It was Norman Shingler, sharp as well as pertinacious, who contrived for a few minutes to make him appear less lofty. Shingler had been pressing questions about the sums transferred in Lady Ashbrook’s lifetime. They were not more than a couple of thousand pounds or so at a time. Piddling sums, considering the precautions and the amount of planning. Yes, you could say that if you wanted, Perryman had replied in his indifferent fashion. Piddling sums like that were a reason for killing her? Shingler was probing. Then suddenly Perryman had lost his temper. Lost it for the first time in the two interrogations. Was that the best they could dig up by way of a reason? Money, money, all they could understand was money.

‘What else? You tell us?’ Shingler wasn’t letting go.

‘Money, money, you can’t see anything else.’

‘Well, then, you tell us what the motive was. You know, do you?’

Perryman was getting back his control. ‘You don’t know it. I don’t know it. Why should I? But it can’t have been money. That’s all you seem to think of.’

Shingler couldn’t shake him any more. He had thrown his head back – both Bale and Shingler had been irritated by that mannerism – and regained his contemptuous poise. None of the detectives had been used to interrogating anyone so articulate and so much in command. All four had come to find him not only irritating, but also repellent, quite out of the common. They also felt a kind of forced respect. Later, some of them said that he was a brave man.

Shingler’s notes on the day’s interrogation were before them on the table. Briers turned again to the record of Perryman’s outburst: ‘Well done, Norman. I want to hear you tell me all about it again.’ He was soaking in what he heard. He asked Bale for anything he had noticed. He confirmed that Shingler had touched a nerve. ‘Well done,’ Briers said. ‘I’ll take that up next time I talk to him.’

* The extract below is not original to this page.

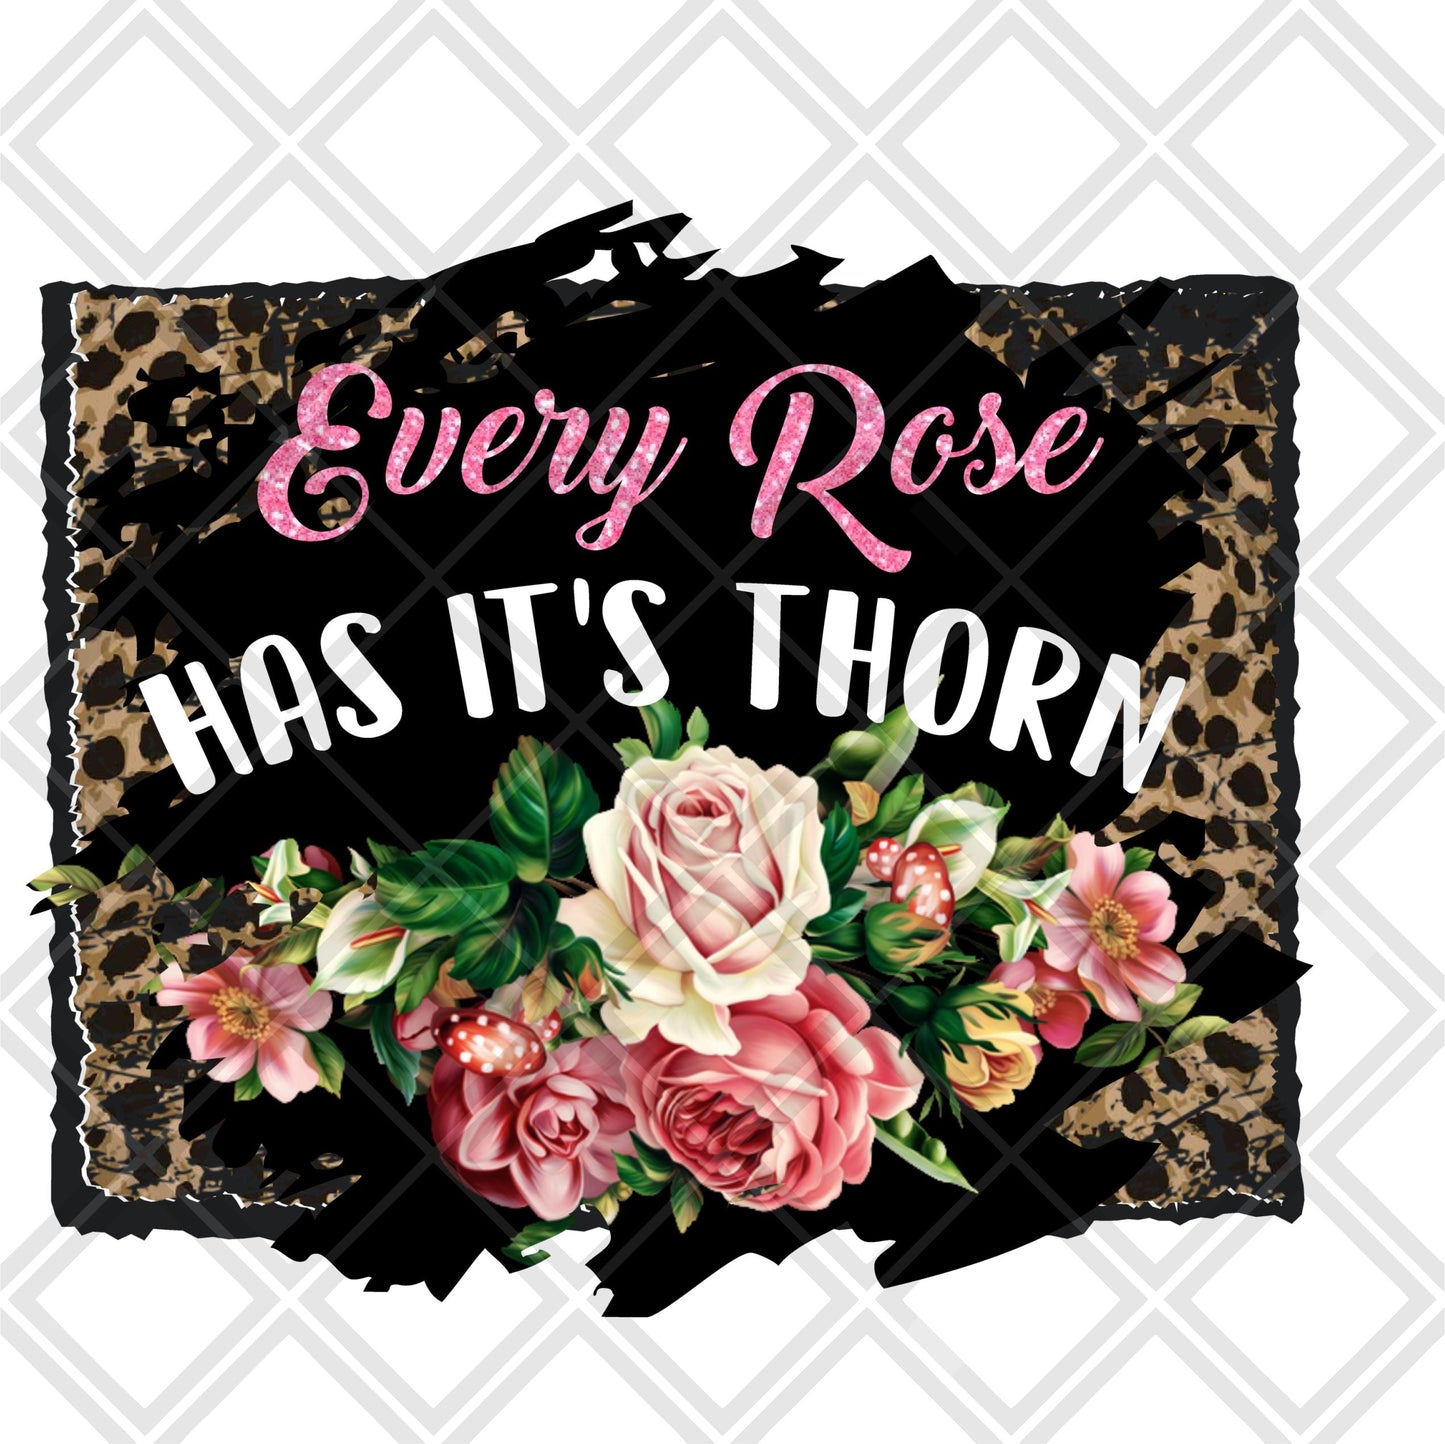 Every rose has a thorn frame Digital Download Instand Download

Next time, however, was not next day, as the others took for granted. The others knew that there was a purpose when Briers did the unexpected. Even so, they were astonished when, the following morning, without any explanation, Briers let the doctor go home.

 

 

39

 

It might work, Frank Briers told Humphrey, letting Perryman have time to think. By now he must have realised that the police knew a good deal. Even control as armoured as his might wear thinner in solitude. He might think that the police were holding back something that counted.

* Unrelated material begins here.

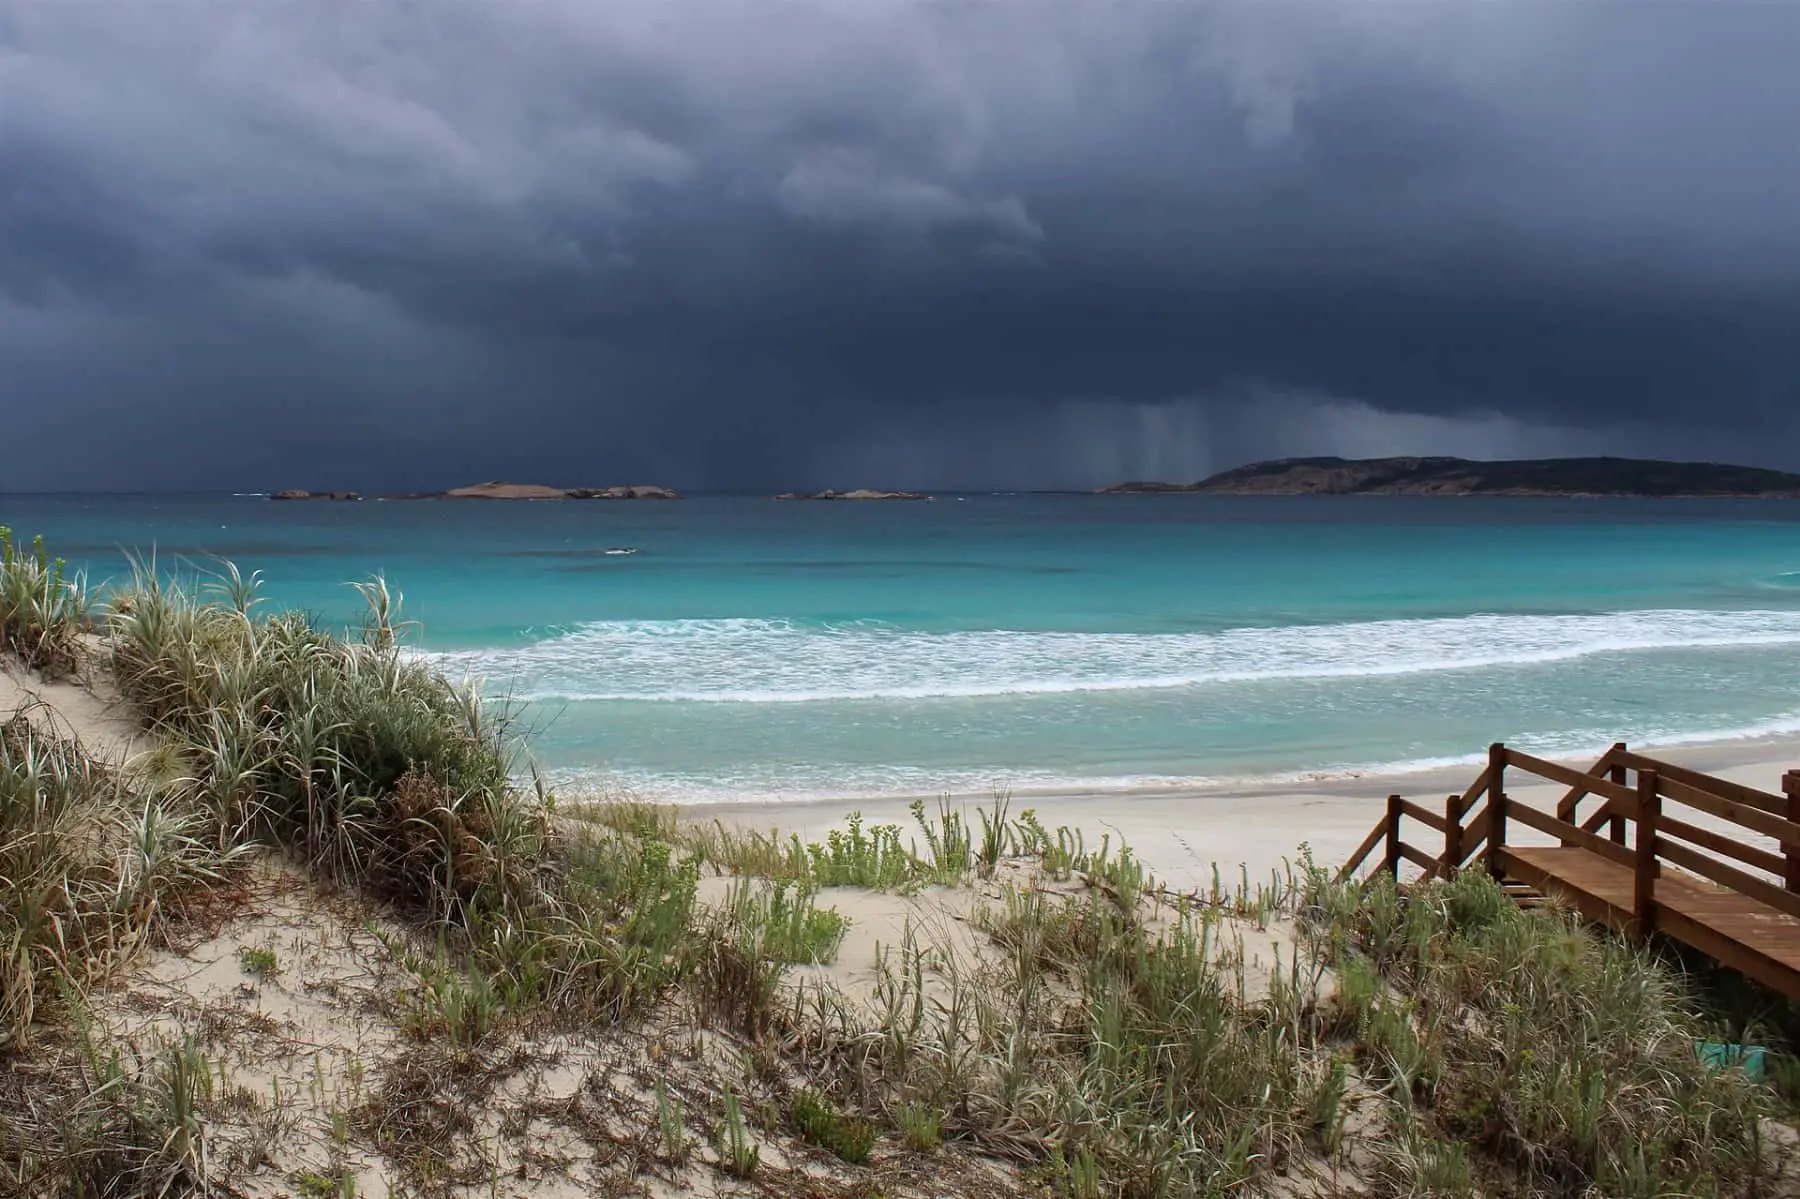 Things to Do in Esperance WA (Even in the Rain!)

‘I wish we were,’ Briers. ‘That’s our weak spot. We’ll have to get it out of him.’

He hadn’t talked in confidence to Humphrey for a couple of weeks past, since he and the squad had been formulating their tactics. Now, restless, he wanted to talk. He was forcing himself to be patient. He was starved of action.

He had telephoned Humphrey at his house, asking him if he were alone. It was a dark November night, not cold, the smell of wood smoke in the air. When Briers arrived in Humphrey’s drawing-room, he gulped down a drink.

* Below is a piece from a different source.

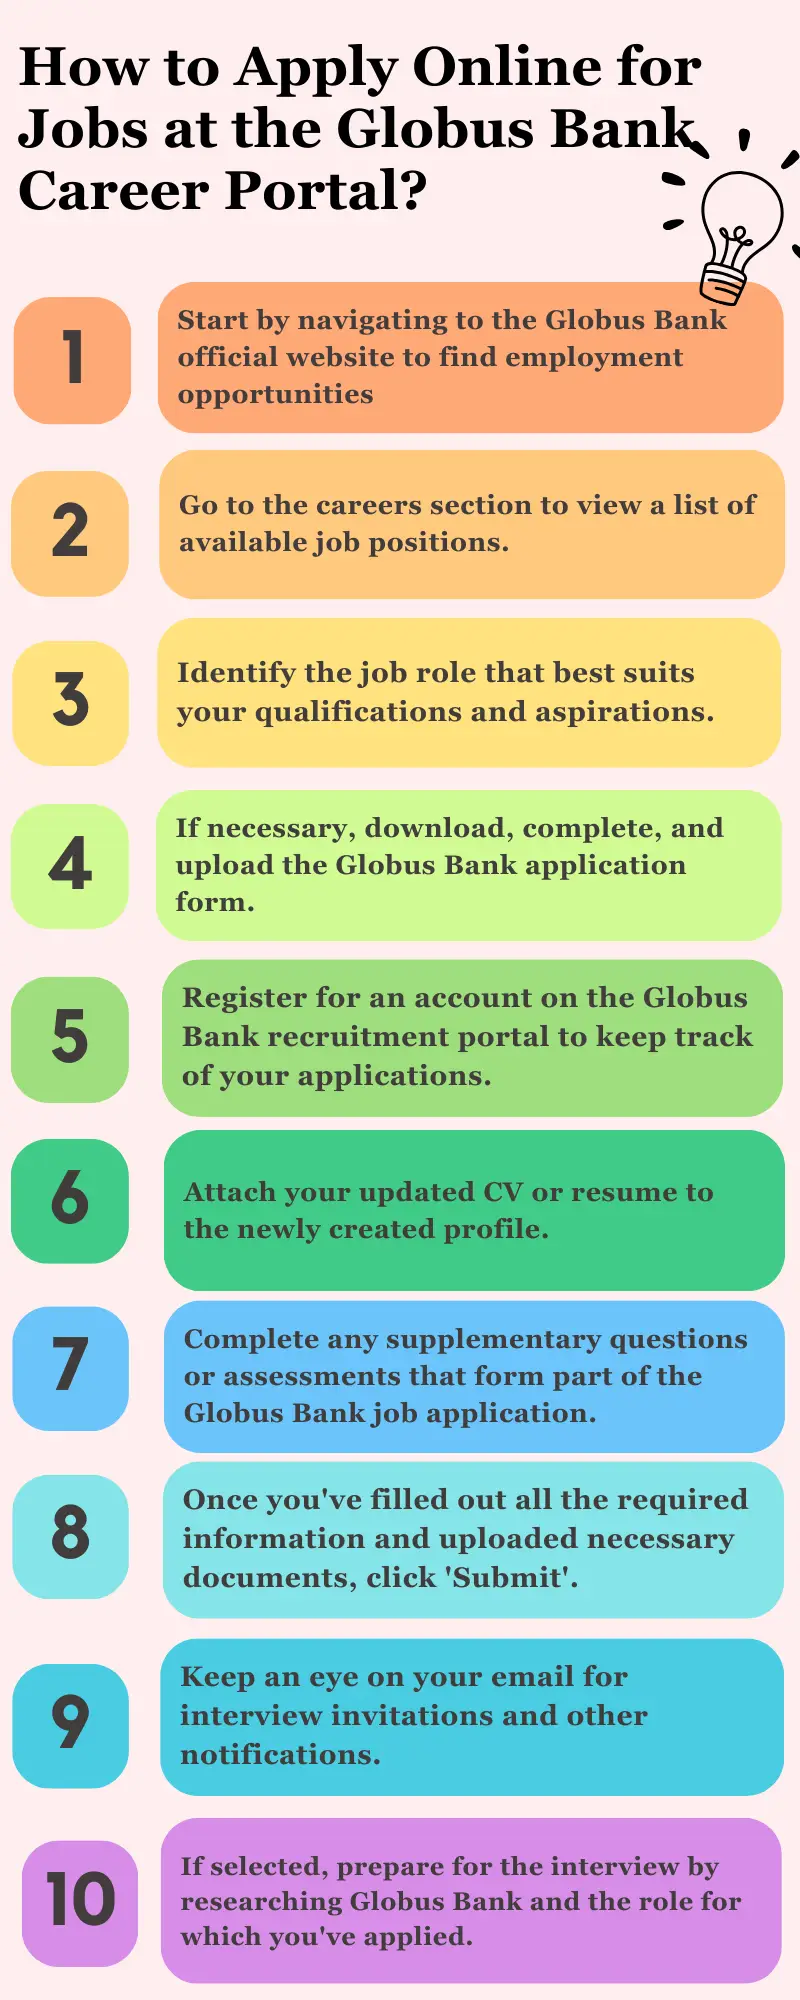 How to Apply Online for Jobs at the Globus Bank Career Portal?

He began, as though in the middle of a conversation which had just been interrupted, why he had broken off the interrogations. ‘I had a hunch that he was getting stuck in, ready to let everything bounce off him. The blame’s on me if I’ve got it wrong.’

Then after a pause he said: ‘Let him puzzle it out. He thinks he’s cleverer than we are. Let him. Then we get him in again in a couple of weeks. Cat and mouse if you like. It’s not nice, but I’ve done it before. It’s make or break.’

He told Humphrey about the results of the first two sessions. Fair enough.

‘Your chaps have done a good job over the money business, I should have thought,’ Humphrey said. Enthusiasm wasn’t called for. It was a time for detachment.

‘Of course they have.’

‘On the murder they haven’t had much in the way of luck, have they? You’d have expected something to come loose, wouldn’t you? And it hasn’t.’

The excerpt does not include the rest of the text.